(Stored dataset items)
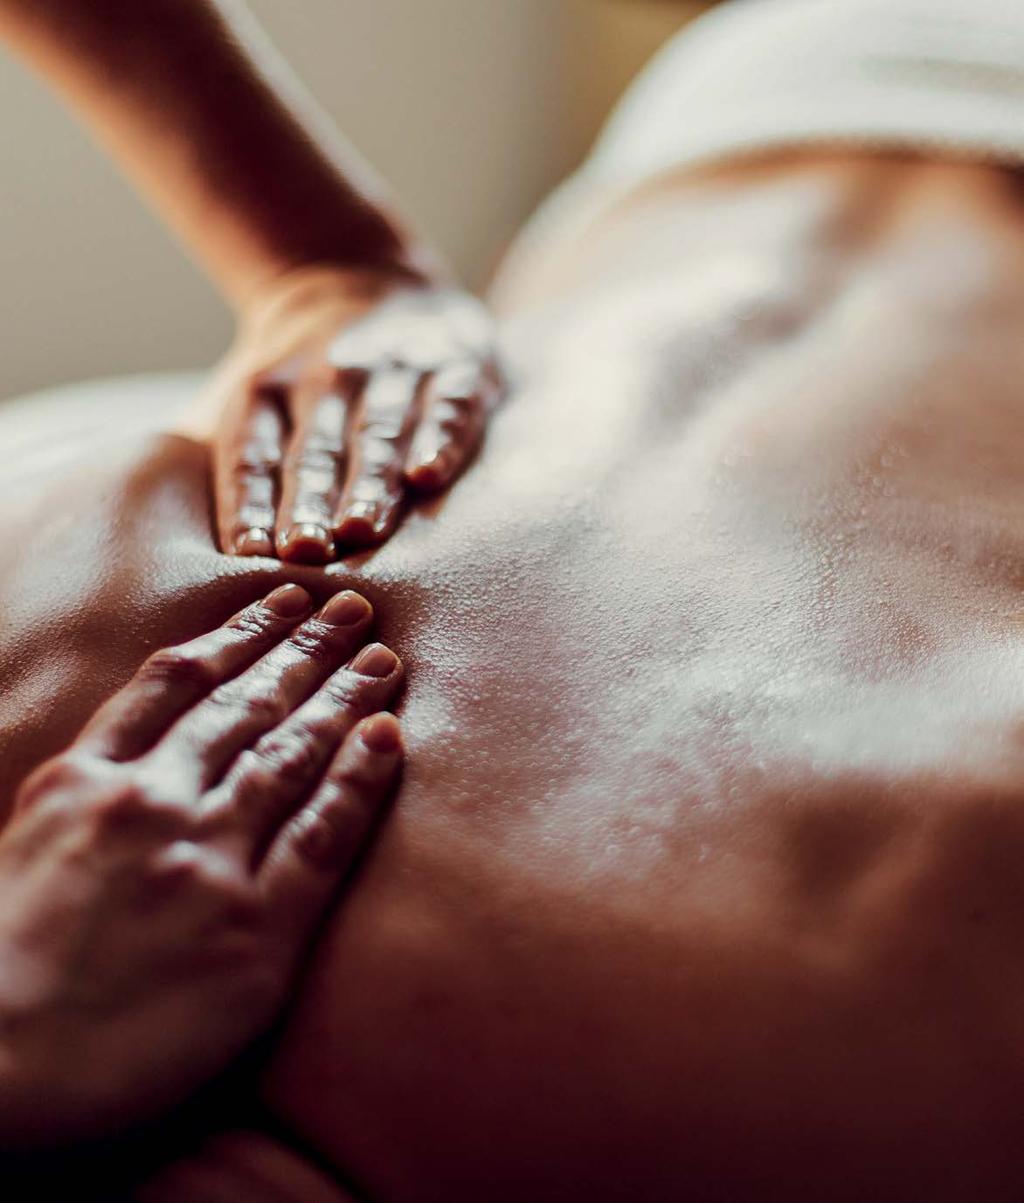 Discover our specialised treatments Discover our specialised treatments Aromatherapy massage 55 minutes for 70 ESPA aromatherapy massage is professional and specific, using a blend of individually
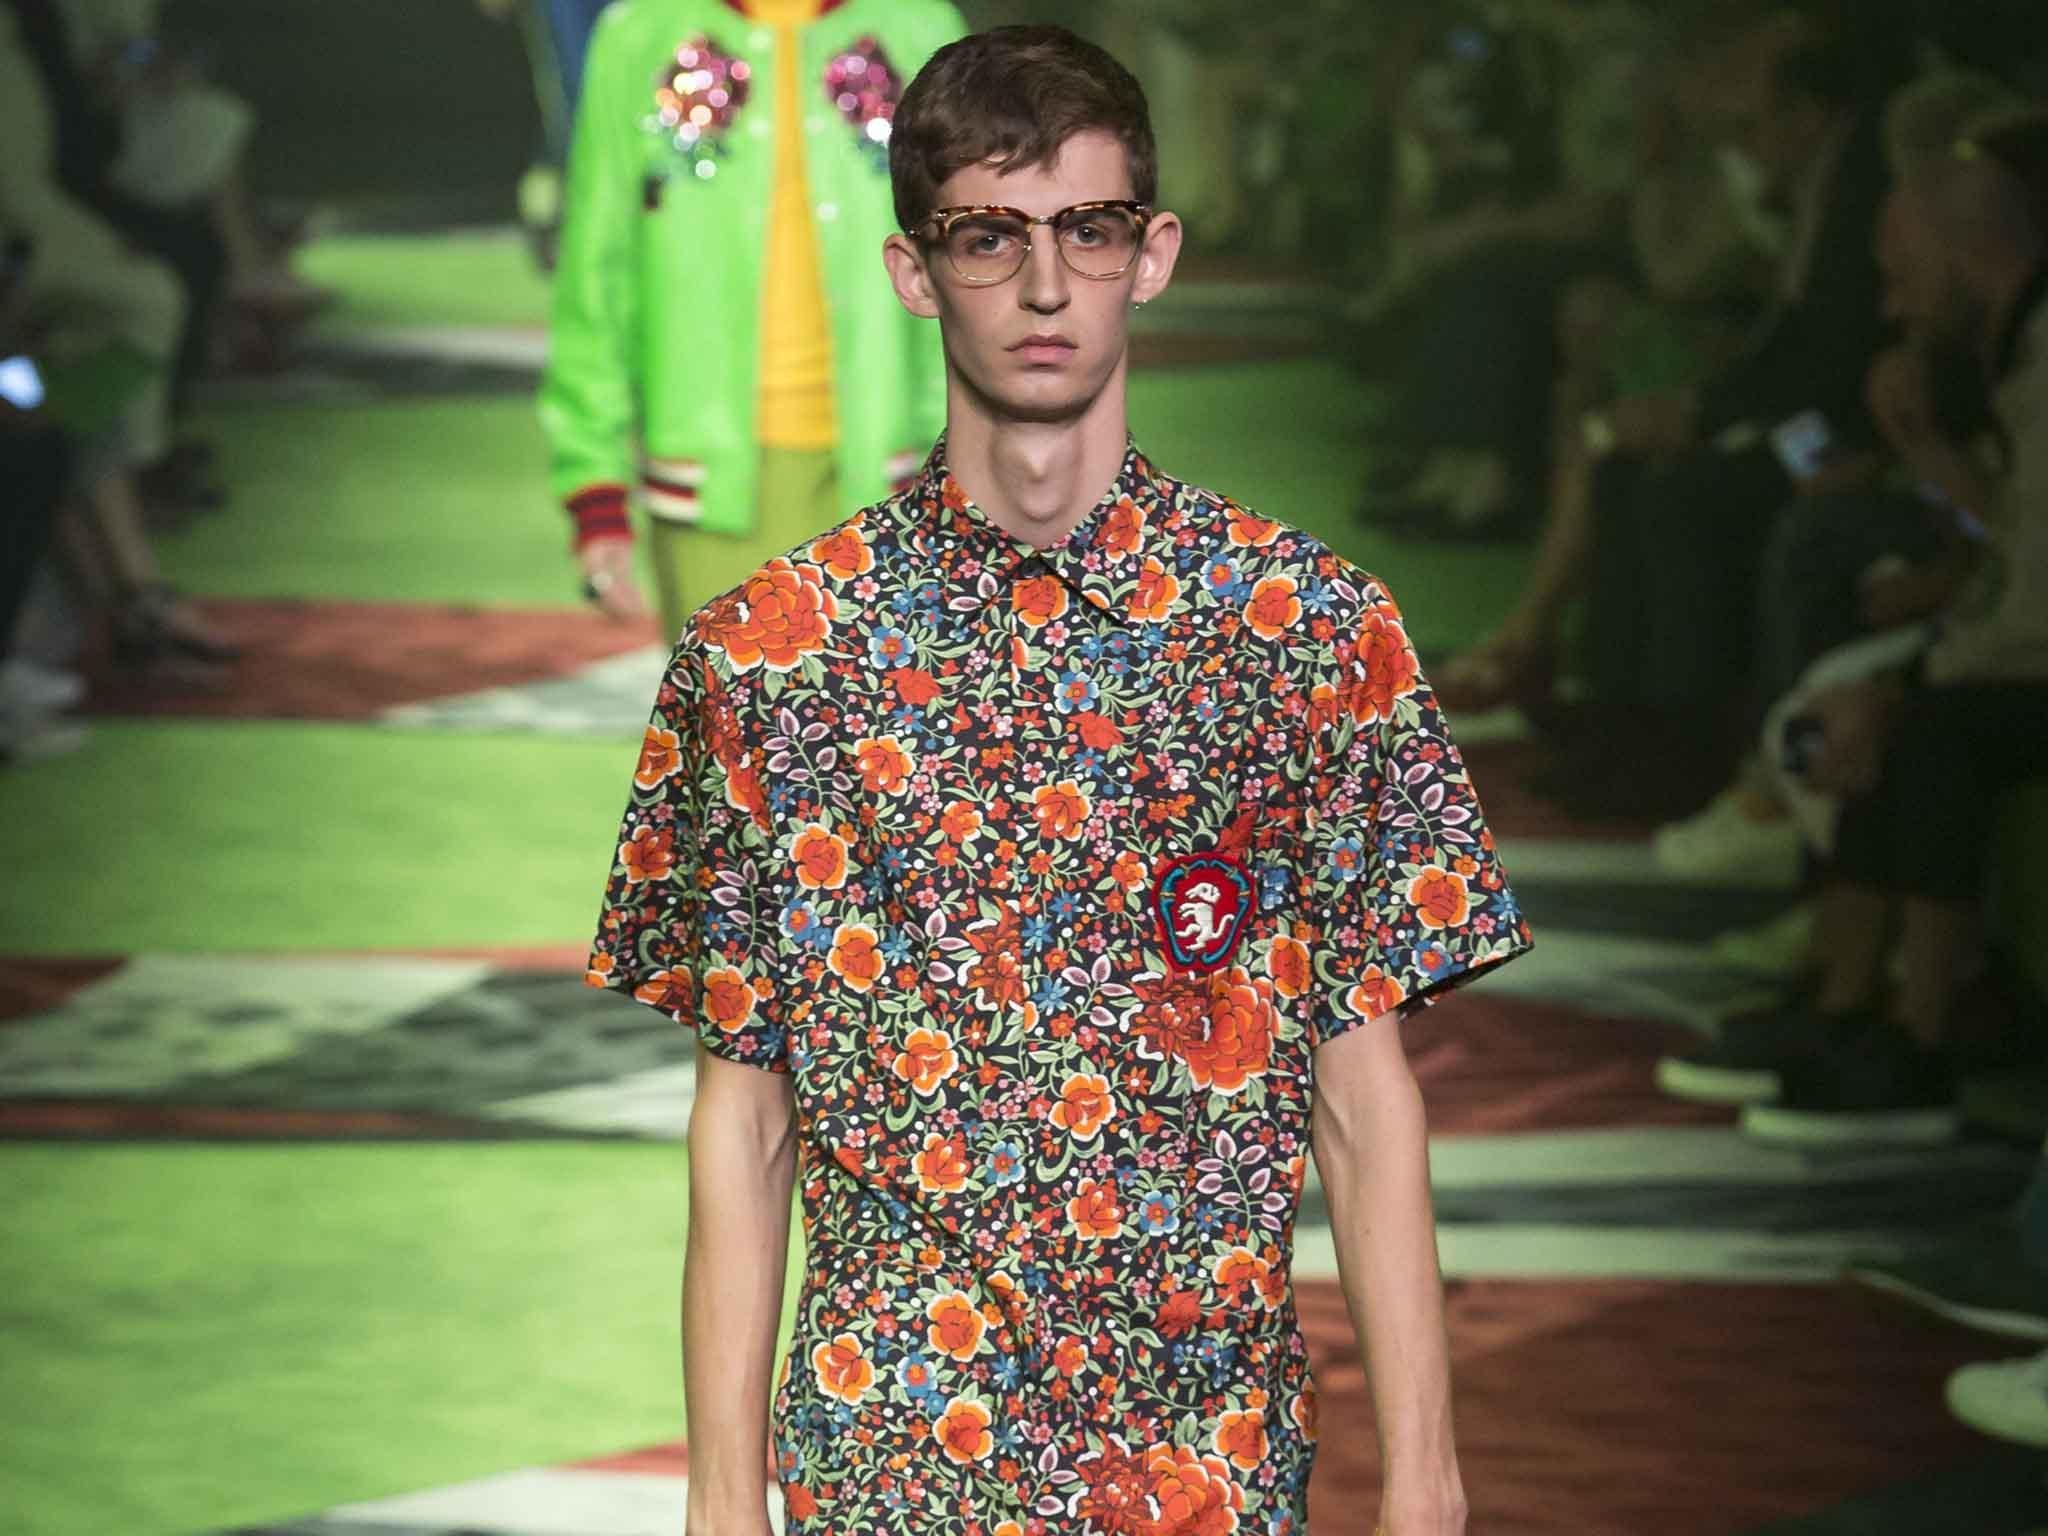 A printed shirt like this Gucci spring line piece is a definite head turner
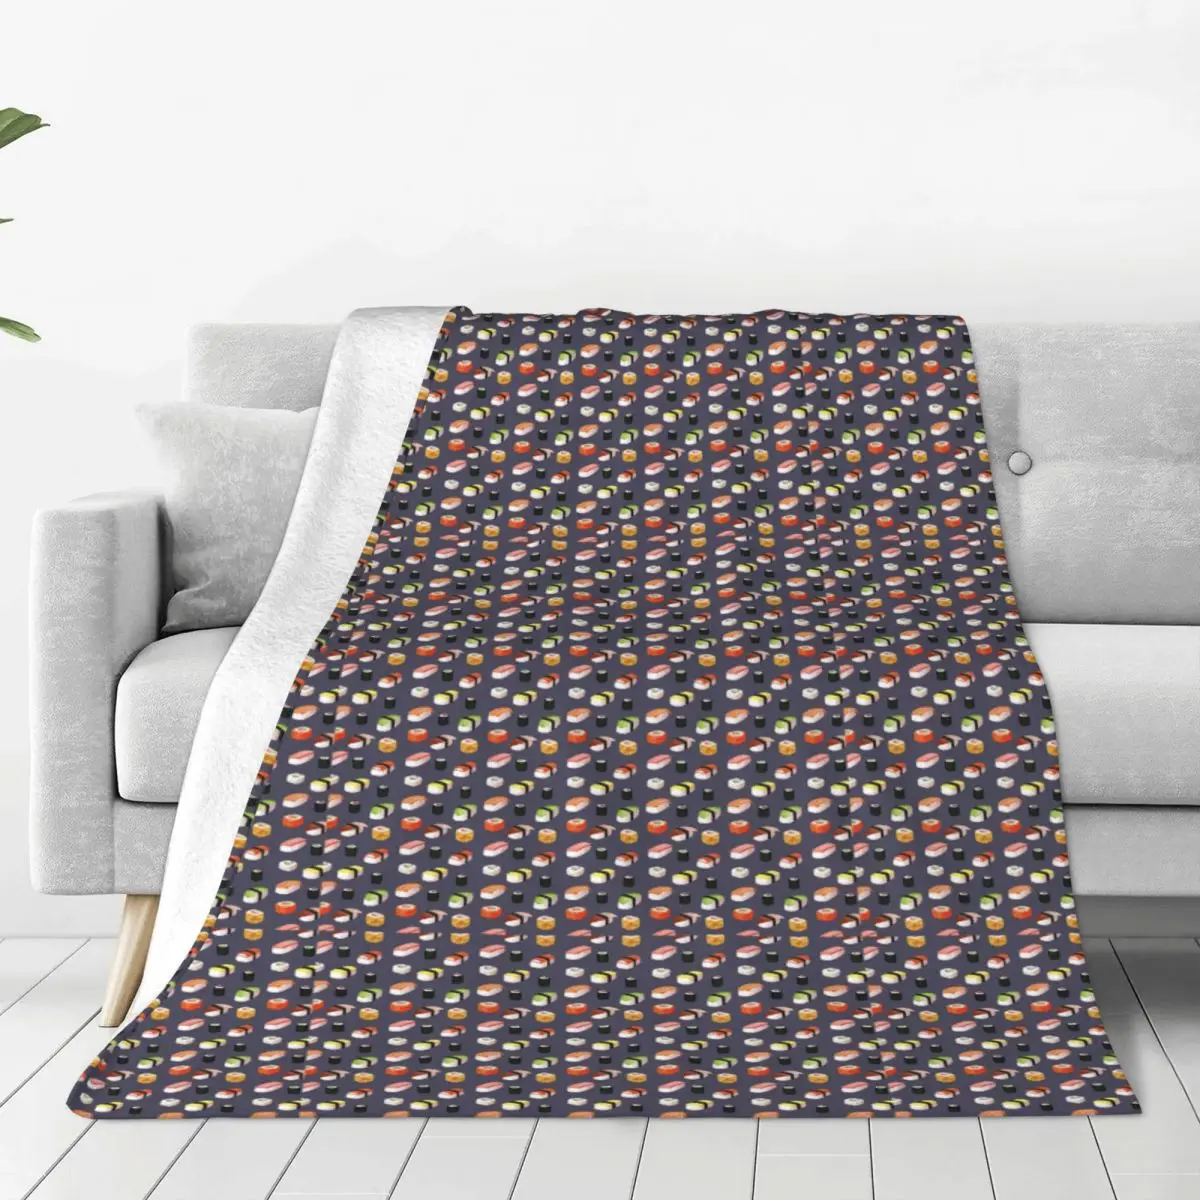 

Sushi Pattern Soft Fleece Throw Blanket Warm and Cozy for All Seasons Comfy Microfiber Blanket for Couch Sofa Bed 40"x30"
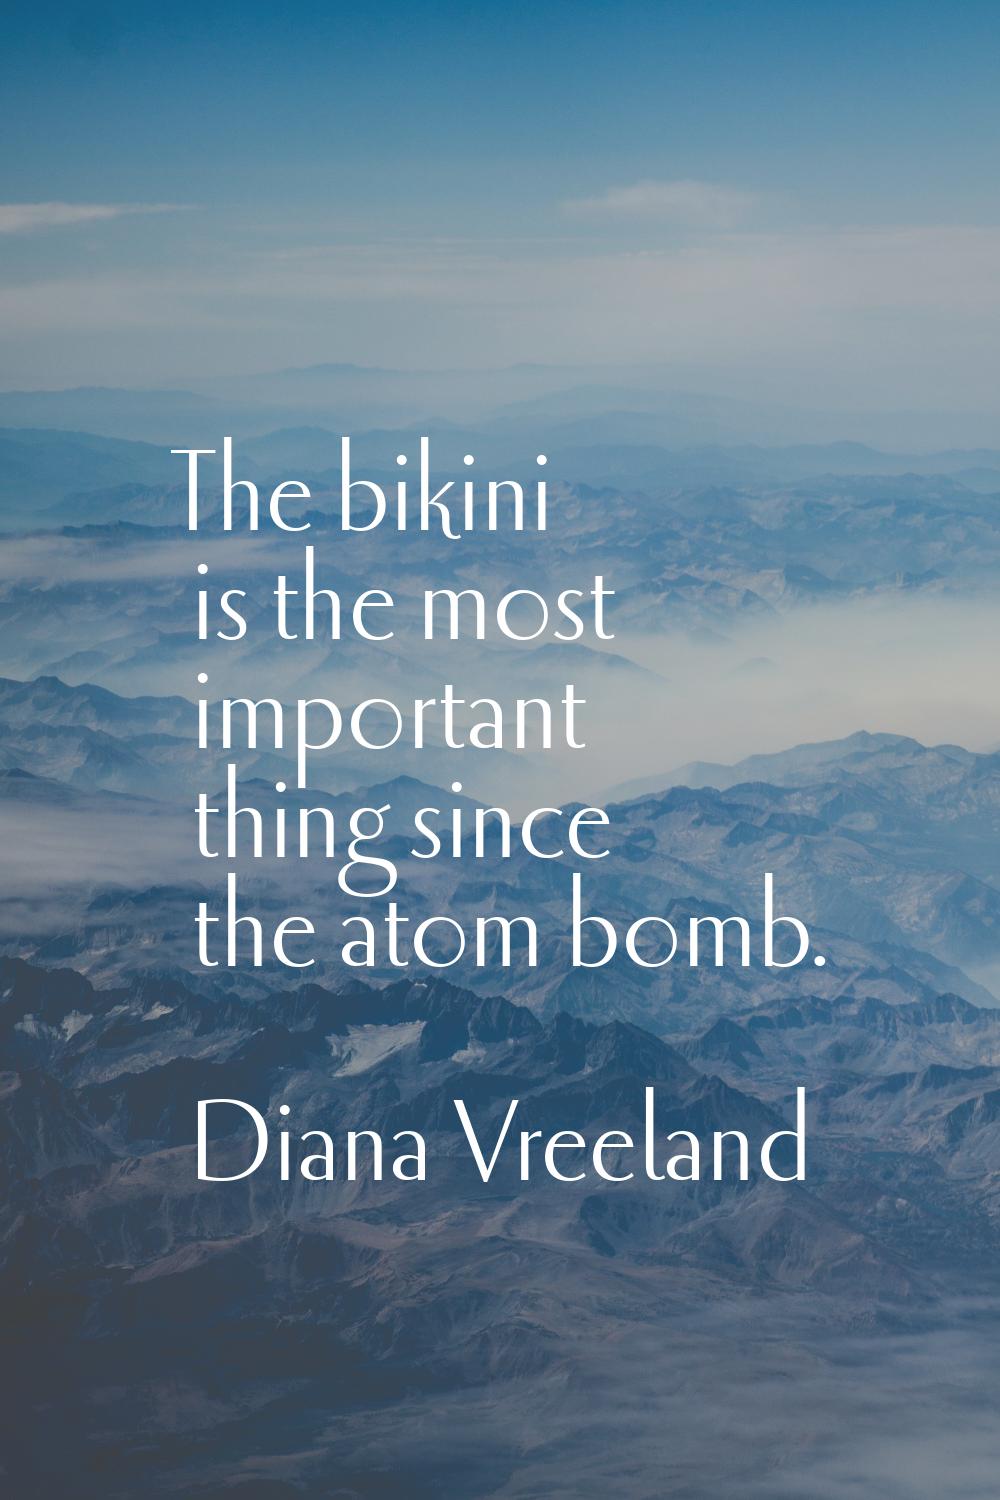 The bikini is the most important thing since the atom bomb.
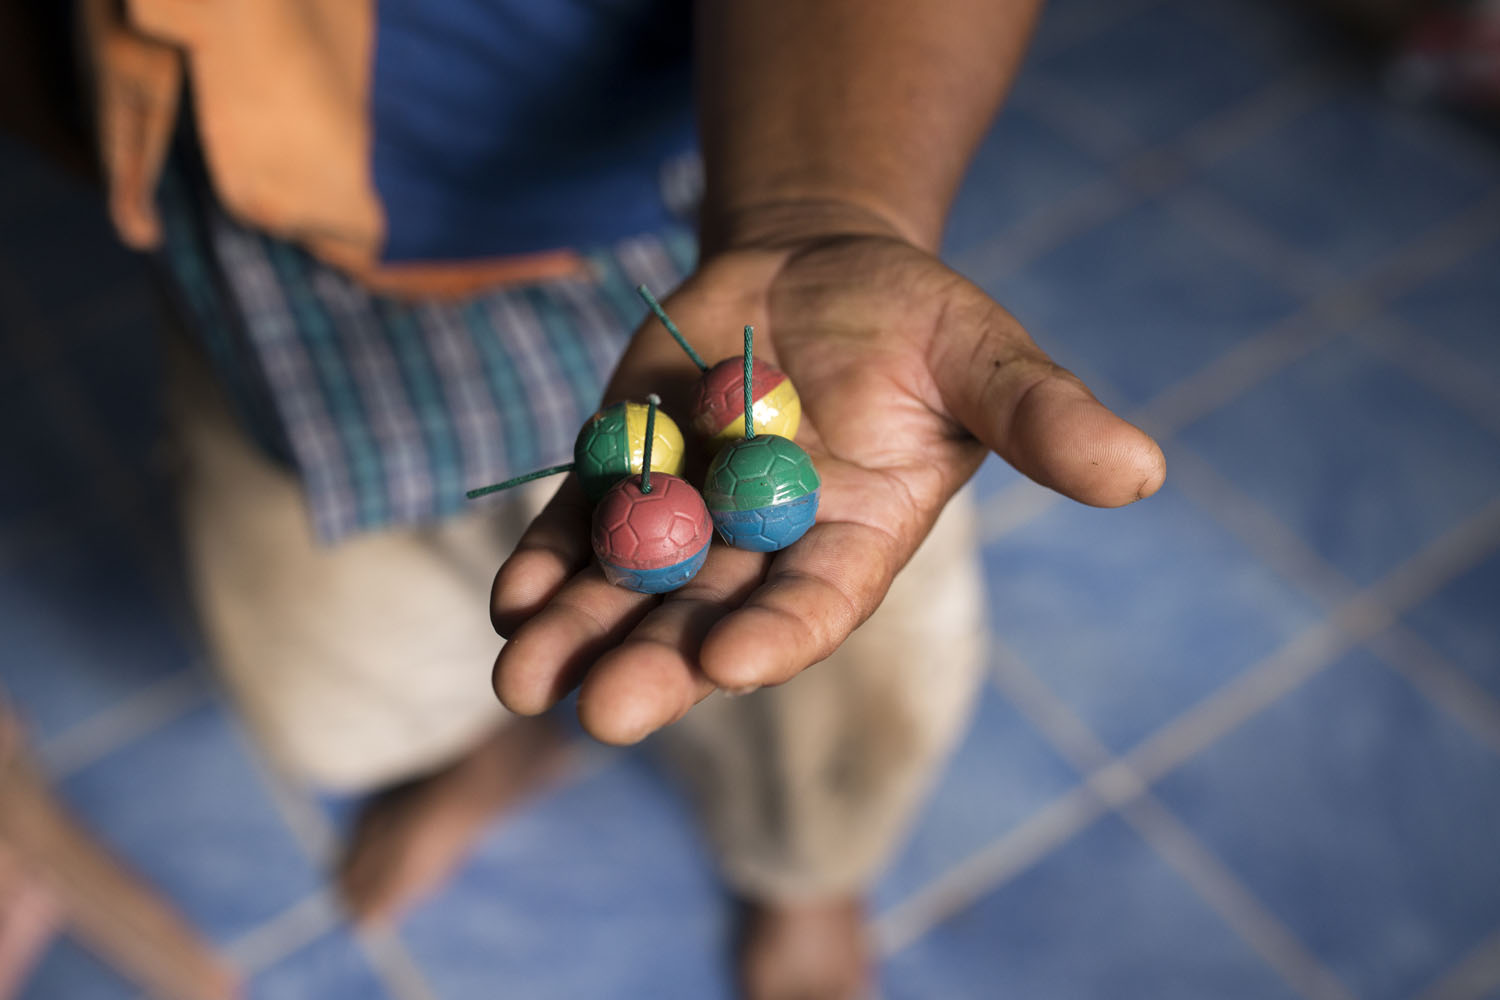 A wildlife volunteer displays the small but extremely loud fireworks used to scare off elephants in the event of an encounter. Many villagers in Kaeng Hang Meao choose instead to use pots and pans to disperse the animals.

About this exercise:
Your task is to transcribe, exactly and without additions, every line from the one that contains "Sushi Pattern Soft" to the end of the entries above, both included. Omit all pictures.

Result of this task:
Sushi Pattern Soft Fleece Throw Blanket Warm and Cozy for All Seasons Comfy Microfiber Blanket for Couch Sofa Bed 40"x30"
 The bikini is the most important thing since the atom bomb.
 A wildlife volunteer displays the small but extremely loud fireworks used to scare off elephants in the event of an encounter. Many villagers in Kaeng Hang Meao choose instead to use pots and pans to disperse the animals.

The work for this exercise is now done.